Elon Musk may have a powerful mind aiming to solve the world’s problems, but he has continued to resort to bad leadership practices which don’t work for his employees and teams. This kind of leadership style hurts employee mental health and overall team chemistry and performance. The leader may be able to recruit good talent, but oftentimes not able to retain them as he doesn’t listen to what they have to say and drives them to exhaustion and burnout, resulting in rapid employee turnover.

Not to discount that Musk has the two most dreaded traits of a toxic boss: volatility and inconsistency. The sense of uncertainty you get from an unpredictable and erratic boss can make workers emotionally drained and unhappy – even more than the bosses who are consistently awful. At Tesla, there were reports of stress [1] - and exhaustion-driven injuries and rampant burnout. 

These bad practices work against the much-needed employee-centric method, which are employed by successful organizations in today’s tumultuous economic climate.
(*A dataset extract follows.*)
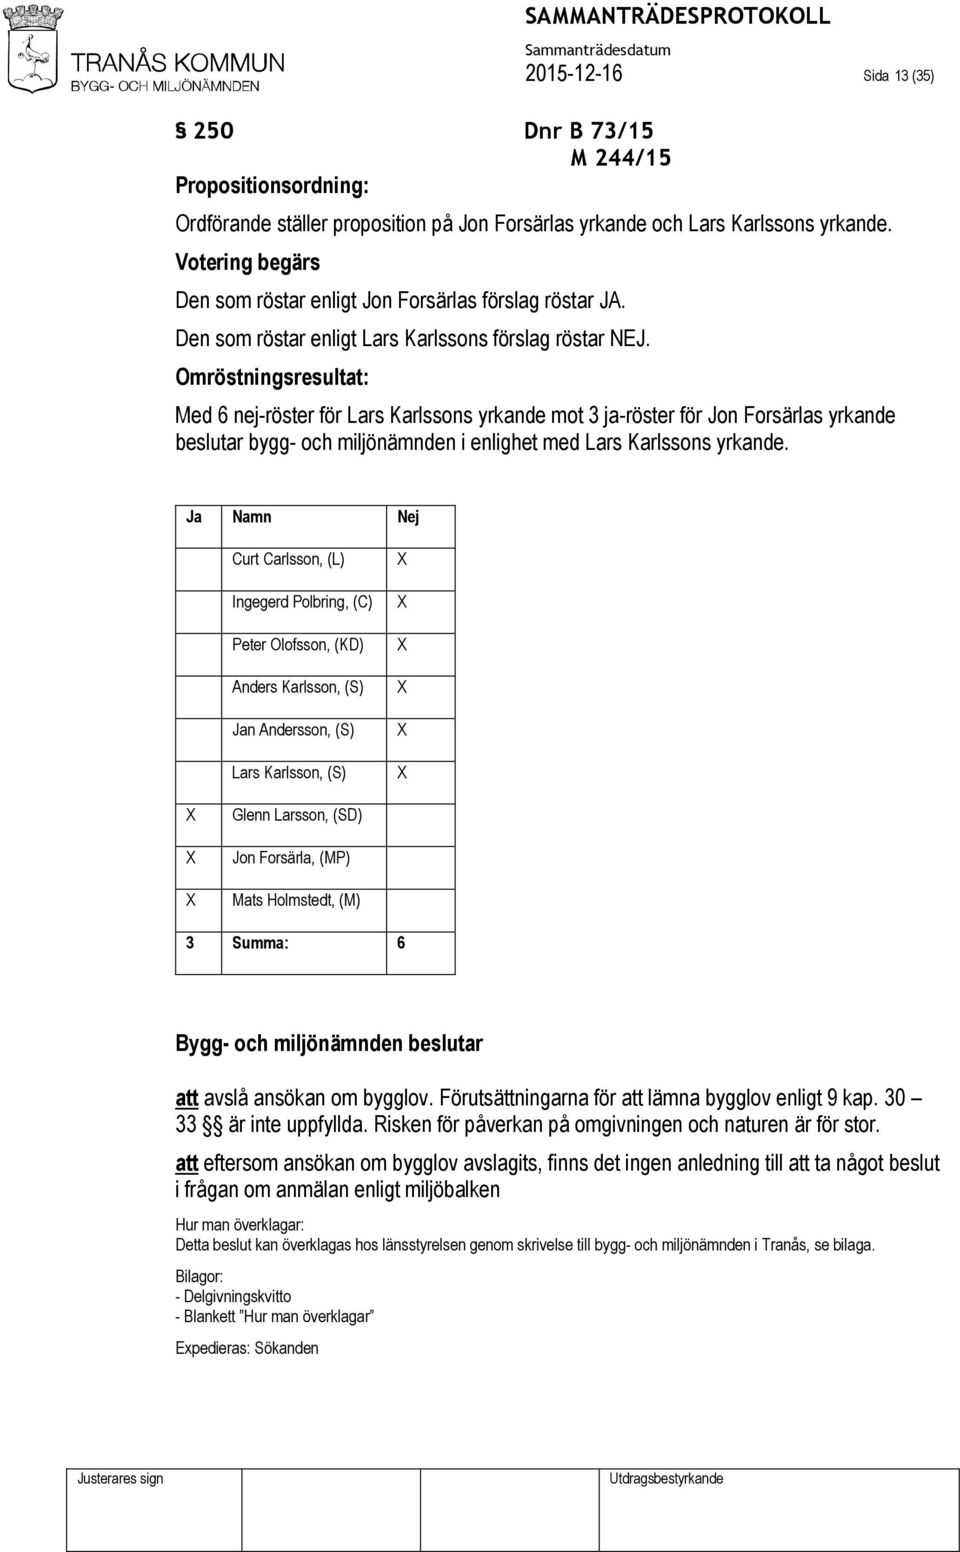 Omröstningsresultat: Med 6 nej-röster för Lars Karlssons yrkande mot 3 ja-röster för Jon Forsärlas yrkande beslutar bygg- och miljönämnden i enlighet med Lars Karlssons yrkande.

Treat your people right, and they will be happy to support the company’s growth and innovation for the long term. Emphasis on the health and wellness of employees would yield to a strong foundation to push forward amidst the headwinds of a sluggish economy.

Remote work and distributed teams are also adopted by companies at large because they work. Recent studies [2] and reports point to the majority of American workers preferring to do purposeful work [3] and opting for partial or fully remote work. Adopting the remote and distributed teams model led to businesses reaping benefits such as better productivity and agility, faster completion of projects, improved employee health and wellness, cost efficiency to both the business and workers, and many others.

The well-being of a distributed workforce is critical now more than ever. Distributed teams that are motivated and have healthy working relationships can aid companies and organizations to be resilient and reach greater heights even during hard times.

What the Post-Pandemic Company and Workforce Needs

No man is an island. Leaders like Elon Musk can’t solve a company’s problems alone. They are in need of capable teams to carry out their vision. They also need to know how to work with these talents.

A company can benefit from getting the best talents around the world through a distributed teams model. Digital working tools and platforms can unlock the teams’ full potential, especially when they are equipped with artificial intelligence, blockchain access and capabilities, and even virtual reality. A holistic digital platform replaces toxic work environments, enables data access across departments, brings efficiency in communication and exchange of information, and raises the efficiency and focus of workers on every task and project.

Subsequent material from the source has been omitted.